# Motiviation

We already have a decision tree $F$ implemented, however it is impossible to learn all samples correctly in one pass, even with infinitely deep depth of the tree. How to improve without any modification to $F$?

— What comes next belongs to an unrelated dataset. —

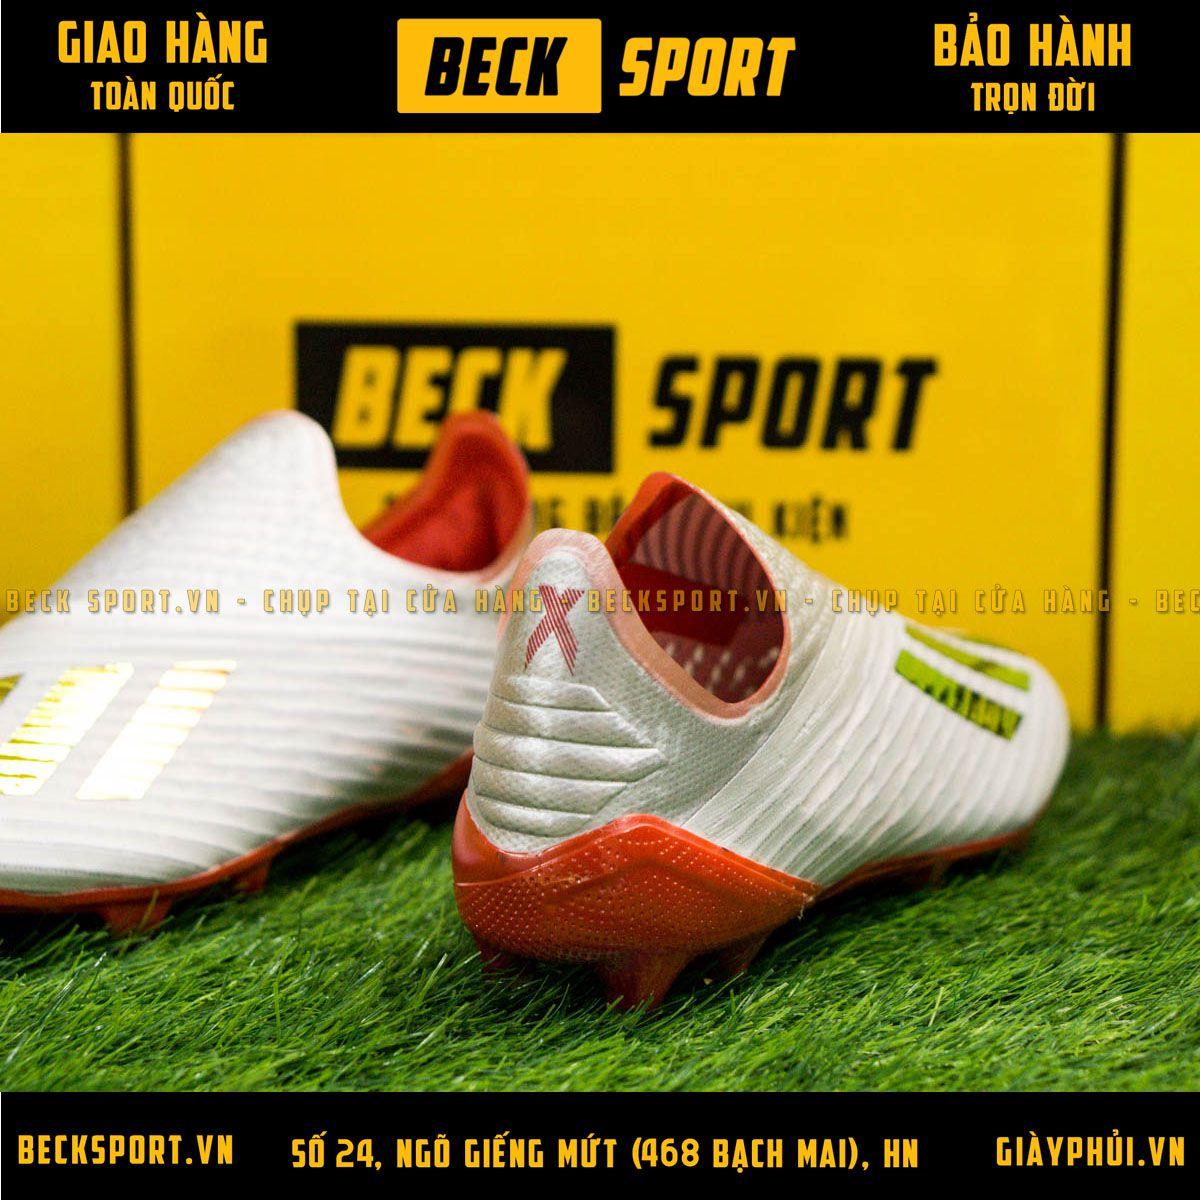 Giày Bóng Đá Adidas X 19+ Xám Vạch Bóng Đế Đỏ Không Dây FG

The idea of an additive model comes into mind. Can we find any $h$ such that $y = F(x) + h(x)$, where $h$ focuses on the wrong predictions that $F$ makes. If found $h$ is unsatisfactory, we can just rinse and repeat by making new $F = F + h$ and find a new $h$. 

# Math

Say the goal is to minimize a loss function $J$, we can have the derivation as
$$J(y, F) = \sum_i^n L\big(y_i, F(x_i)\big)$$
where $L$ is a loss function comparing between ground truths and model's prediction.
Employing gradient descent is probably a good idea here. Therefore we have,
$$F_b(x_i) = F_{b-1}(x_i) - \eta \times \nabla L\big(y_i, F(x_i)\big)$$
where $F_b$ is our model at step $b$, $\eta$ is the learning rate.



## Regression

When it is regression, we are considering $L$ to be MSE:
$$L\big(y_i, F(x_i)\big) = \frac{1}{2} \big( y_i - F(x_i) \big)^2$$
Taking the gradient, we would have
$$\frac{ \partial L\big(y_i, F(x_i)\big) }{ \partial F(x_i) } = \frac{ \partial \frac{1}{2} \big( y_i - F(x_i) \big)^2 }{ \partial F(x_i) } = F(x_i) - y_i$$

Substitute back in, we would have
$$\begin{align}
F_b(x_i) &= F_{b-1}(x_i) + h(x_i) \nonumber \\
         &= F_{b-1}(x_i) + y_i - F_{b-1}(x_i) \nonumber \\
         &= F_{b-1}(x_i) - \frac{ \partial L\big(y_i, F_{b-1}(x_i)\big) }{ \partial F_{b-1}(x_i) }
         \nonumber \\
\end{align}$$

Hence, to obtain a $F_{b-1}(x_i)$ that is $F_{b-1}(x_i) = F_{b}(x_i) = y$, we are essentially minimizing $- \eta \times \nabla L\big(y_i, F(x_i)\big)$. Rearrange the equation, we would have $F_b(x_i) - F_{b-1}(x_i) = - \frac{ \partial L\big(y_i, F_{b-1}(x_i)\big) }{ \partial F_{b-1}(x_i) }$, which essentially is $y_i - F_{b-1}(x_i) = - \frac{ \partial L\big(y_i, F_{b-1}(x_i)\big) }{ \partial F_{b-1}(x_i) }$. Now in code implementation, all we have to do is to minimize $y_i - F_{b-1}(x_i)$, which we can refer as **residual**.

## Classification

When it is classification, we are considering $L$ to be cross entropy loss:
$$L\big(y_i, F(x_i)\big) = -\sum_k ^ K y_k(x_i) \log p_k(x_i)$$
$y_k(x_i)$ will be a one hot vector of length $k$, with $1$ as the $i$th entry where $y_i = k$ and $0$ everywhere else, and $p_k(x_i)$ would be the predicted probability of sample $x_i$ belonging to class $k$ by our model.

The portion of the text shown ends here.